Many policymakers believe that encouraging more people to start businesses will revitalize the economy and increase job creation. An article in Small Business Economics suggest that this is wrong.
The article argues that offering loans, tax benefits and regulatory exemptions to people who start a new business is a bad idea. After all, most start-ups in the U.S. fail within the first five years.
The analysis suggests that policies designed to increase the number of startups do not create jobs and wealth. This is due to three reasons:
- Bad Entrepreneurs: Data shows that unemployed people are more likely to start a business than people with jobs. However, companies started by people who are out of work are less successful than companies started by people who have jobs.
- Bad Ecosystems: People are more likely to start businesses in impoverished areas, while wealthier regions have declining rates of entrepreneurship. This makes new firms less productive than existing firms on average.
- Bad Industries: When governments encourage new firm formation, it stimulates the creation of start-ups in industries with lower barriers to entry.
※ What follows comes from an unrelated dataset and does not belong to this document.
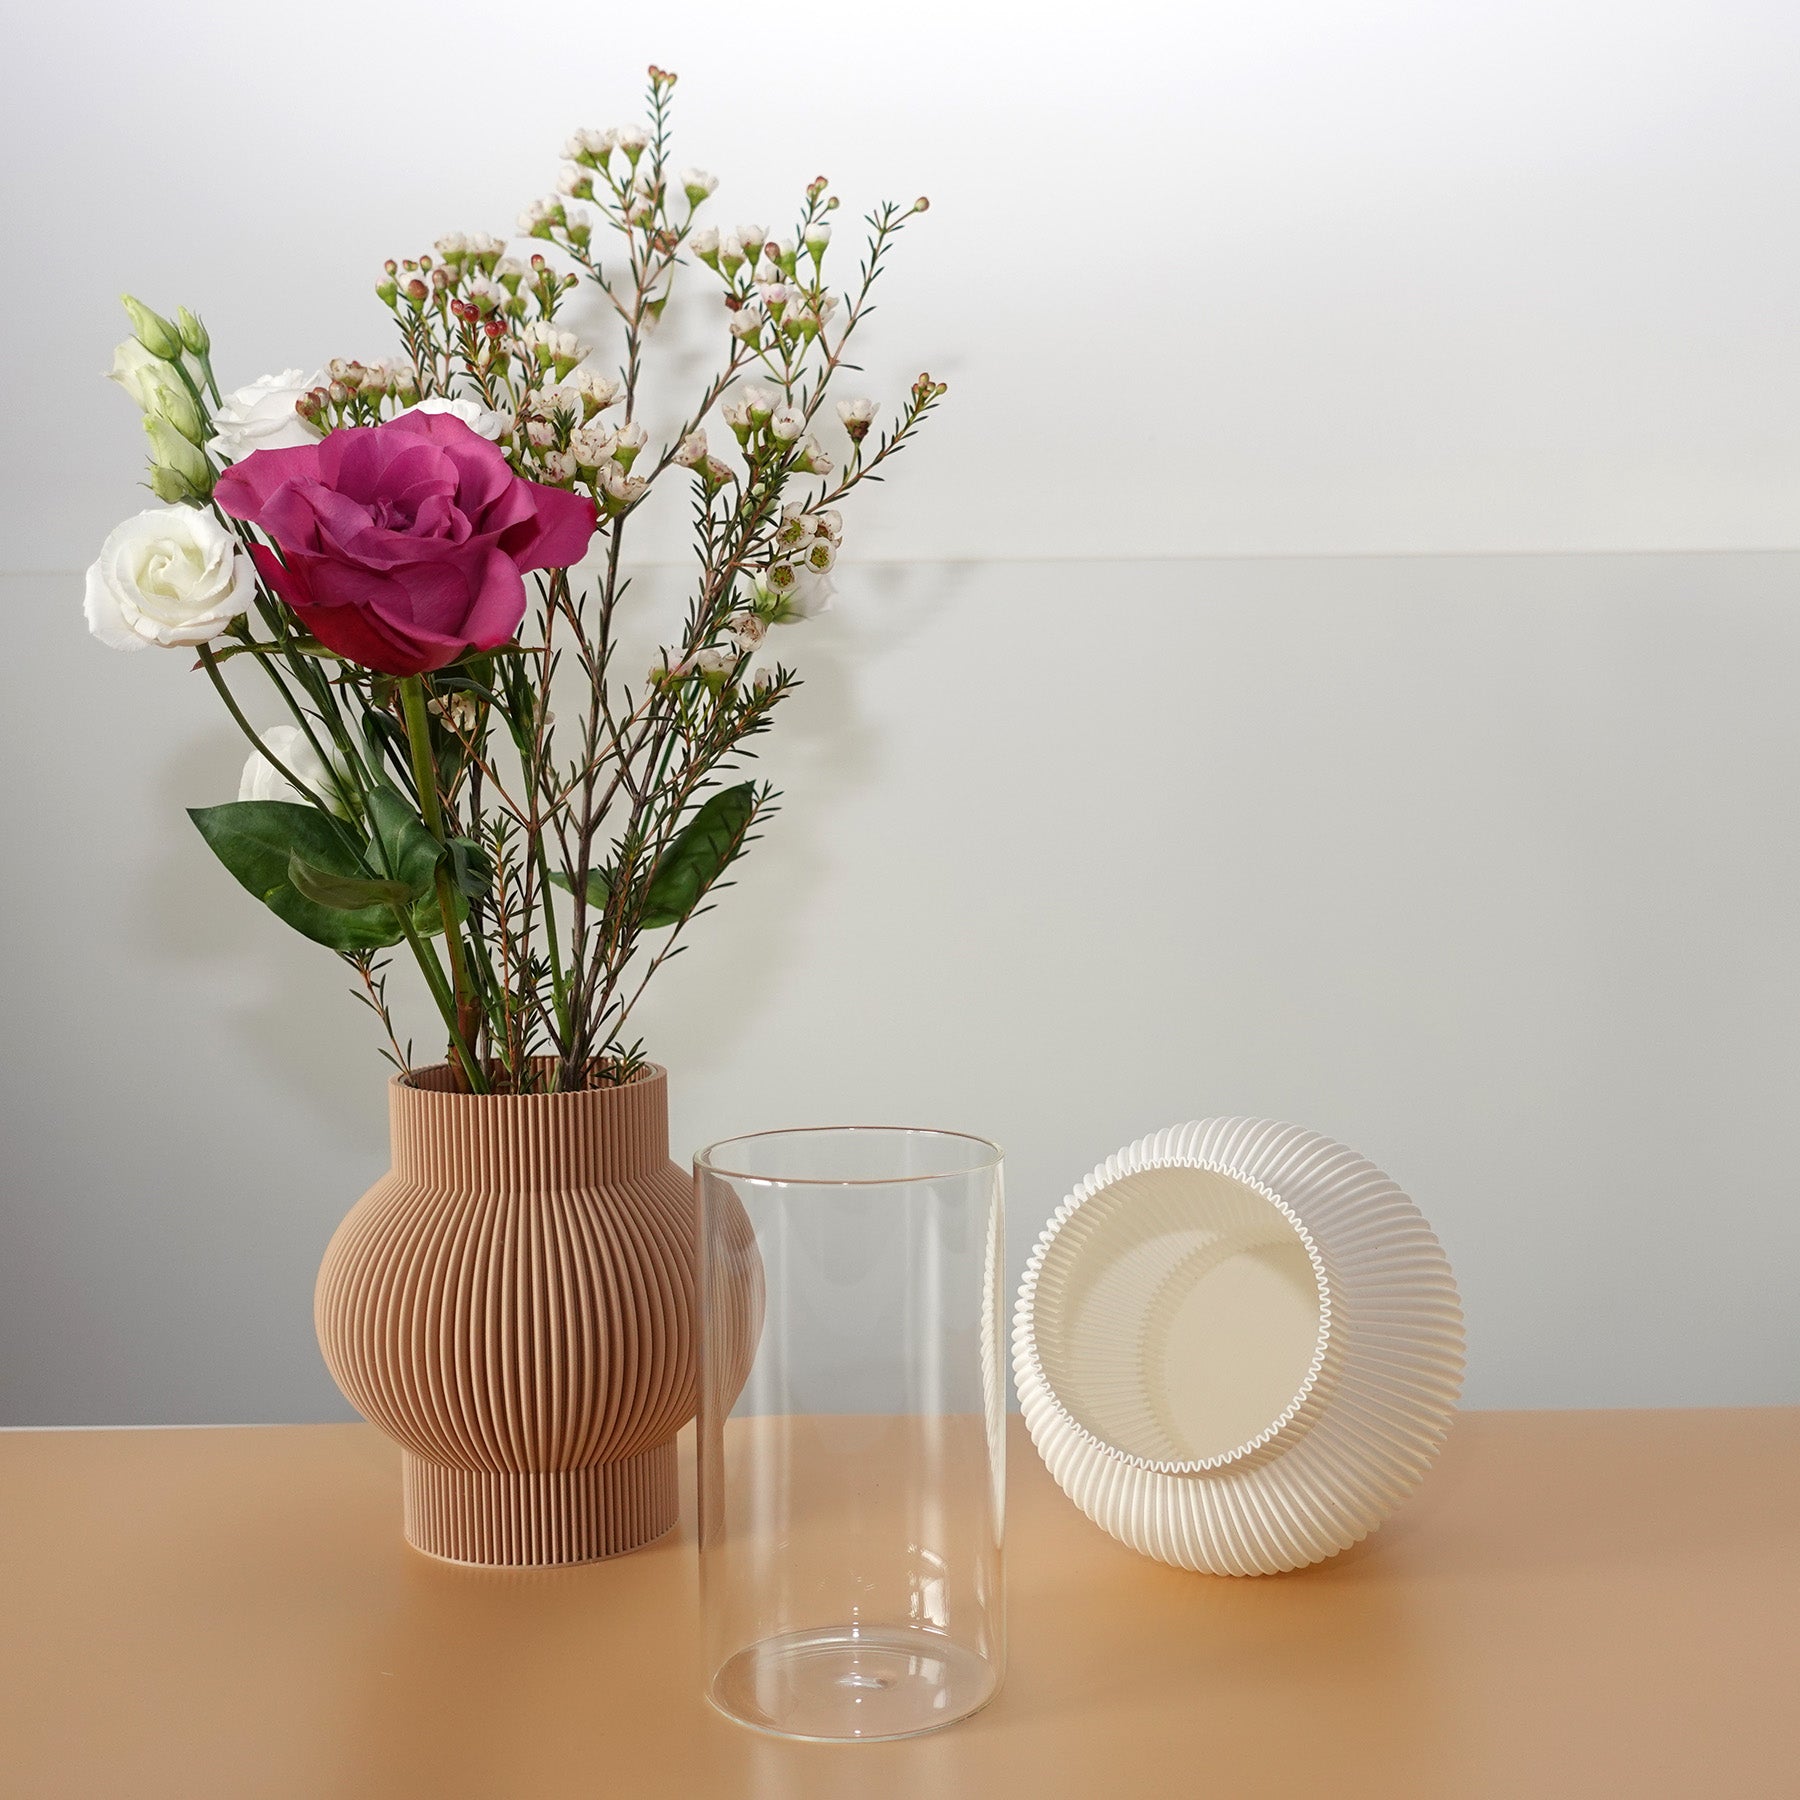 Nachhaltige Vase "Sylvester" aus dem 3D-Drucker - shopstartups.de | Startup Produkte

Low entry barriers make these industries more competitive and cause firms in these sectors to be more prone to failure.
The article suggests that policymakers should focus on company expansion instead of creation: “Investing a dollar or an hour of time in the creation of an additional average new business is a worse use of resources than investing a dollar or an hour of time in the expansion of an average existing business.”
The full article can be found here.
Contributed by Caroline Pringle.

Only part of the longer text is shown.